It’s feels like an age since I blogged even though it’s less than a week, but so much seems to have happened. I haven’t had a busy week in fact it’s probably been a rather lazy one, I’ve tried to self care a great deal as I realised things were going array.
It’s really hard to juggle the demands and needs of life sometimes, recently I had attended a major sporting event here in the UK which took up a few days and entailed long journeys to and from Scotland. Don’t get me wrong I had a great time, but it was exhausting and it pushed me a great deal.
I wasn’t in the quiet countryside that I’m now used to, instead I was in a very busy cosmopolitan city which was extremely noisy. I was attending sports venues with large crowds and lots of activity and whilst I was enjoying myself, there were parts of me that clearly felt uncomfortable.
By the end of the event I came home and was literally exhausted, this didn’t set me up well for therapy and I arrived with feelings of anxiety overwhelming me. I had that overwhelming feeling and tearfulness that seems to be a part of me currently, this is really not normal before therapy so it bothered me a bit. I realised that in my excitement and busyness I hadn’t given much time to my alters and that was probably not helping how I felt. Juggling is a skill you need as someone with D.I.D, it’s like trying to organise a family with competing demands, wants and needs. The only difference now is instead of an actual family made up of separate people, there is just one body and my internal family of parts.
In therapy we discussed the reality that I’m still trying to control my sessions and which of me is there and I’m still in denial, denial of them, of my emotions and of my pain. In order to help with this I was set homework and I was keen to try and do this exercise, I really invested a lot of hope in it and perhaps that was part of my downfall.

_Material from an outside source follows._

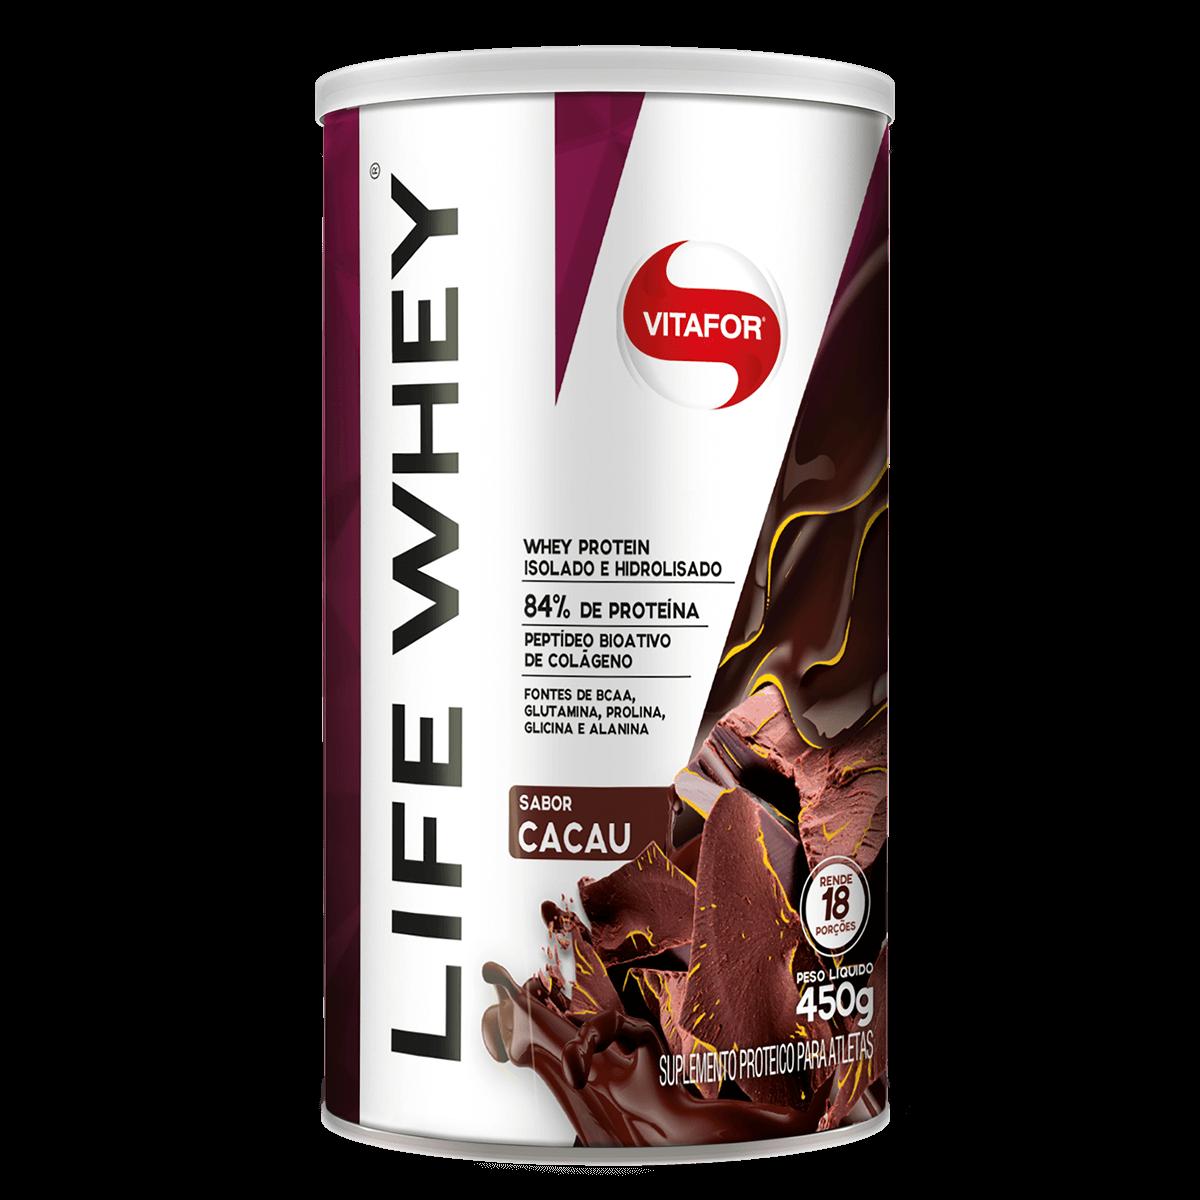 Life Whey Cacau (450g) - VitaFor
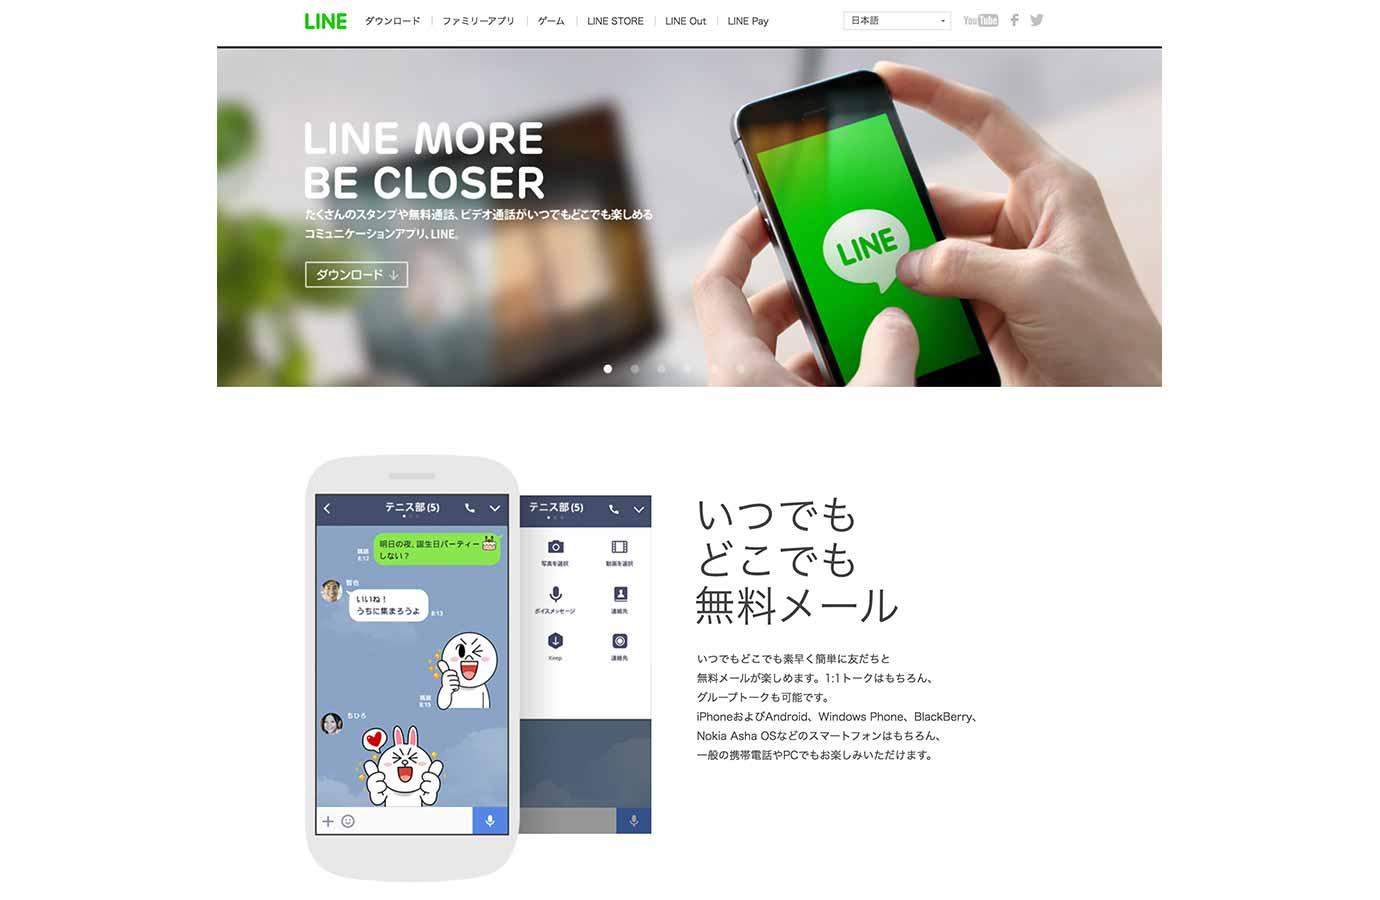 東証、LINEの株式上場を承認、上場予定日は7月15日- 時価総額は6,000億円超え

The following day when I attempted the piece of homework my psychologist had given me things didn’t go to plan, I’m not quite sure what I was expecting but it wasn’t what I got. I ended up confused and distressed and most of all I knew I had potentially damaged the relationship with my alters.
I’m not sure what I need to make me truly accept I have Dissociative Identity Disorder, that the alters are something that hold my memories. But at one point on Tuesday I felt like I needed a huge concrete wall to hit me full on in my face, and loud sirens shouting ‘wake up these are real’. I needed something to help me stop doubting, doubting what I know logically to be true and yet seem so set on trying to continually convince myself of the opposite.
On Tuesday and the days that have followed I have seriously thought I wasn’t ever going to cope with this, that I’d never be able to not doubt my reality. That I’d never be able to just accept who I am, me and my parts of me.
Worst of all I have seriously thought that therapy wasn’t going to work, I have thought that my psychologist wouldn’t want to work with me. You name it I have thought it this week, so much confusion, doubt and concern. It’s as if a part of me is trying to undermine my sessions, undermine the good that has gone before and yet I don’t fully understand why.
I have spent lots of efforts trying to rebuild the damage I caused with my alters, I am grateful that my teen and I have communicated using the ideomotor signals which we have found helpful. These do work and yet at times I still doubt them, which I think frustrates me as much as my teen part.
Yet now as therapy draws near once again I’m nervous and anxious, how silly is that – I mean I emailed my psychologist the other day and he has told me not to worry. But worry I do, I think partly because I have read and re read the email I sent him and I guess I was angry and exasperated when I wrote him. The language I used in my email was blunt, contained rude words and demonstrates I guess that I felt pretty frustrated when I wrote him. I don’t think I’d have sent that kind of email I mean it not how I normally write, but I know did, I can’t say it was an alter because I know it was my thoughts I wrote down and my feelings that jump from the words.
I guess for once in my life I have allowed my feelings to be shared, to be seen and that is unusual for me. Whenever before I have shown my feelings be that anger or hurt it’s tended to get me in trouble, at times big trouble. Medical professionals especially find emotions difficult, they see an act and they react, rather than think what caused the initial action. It’s led to some really complicated and difficult periods of conflict and of pain, reactions are not always patient led they are punitive and harsh.
Maybe that’s part of the reason I’m anxious about my session tomorrow, maybe I’m worried about any reaction to the outburst of emotions in my email. I doubt I will sleep tonight I’ll probably be replaying in my head all the possible consequences for that lapse in my rigid iron wall that shuts all my feelings deep within to prevent reactions. I know tomorrow is going to be a long day as I wait for my therapy session, I can’t even imagine what state I’ll be in by the time I get there. Hopefully at least I will get there and I won’t bail out of going, believe me that thought has crossed my mind once or twice already.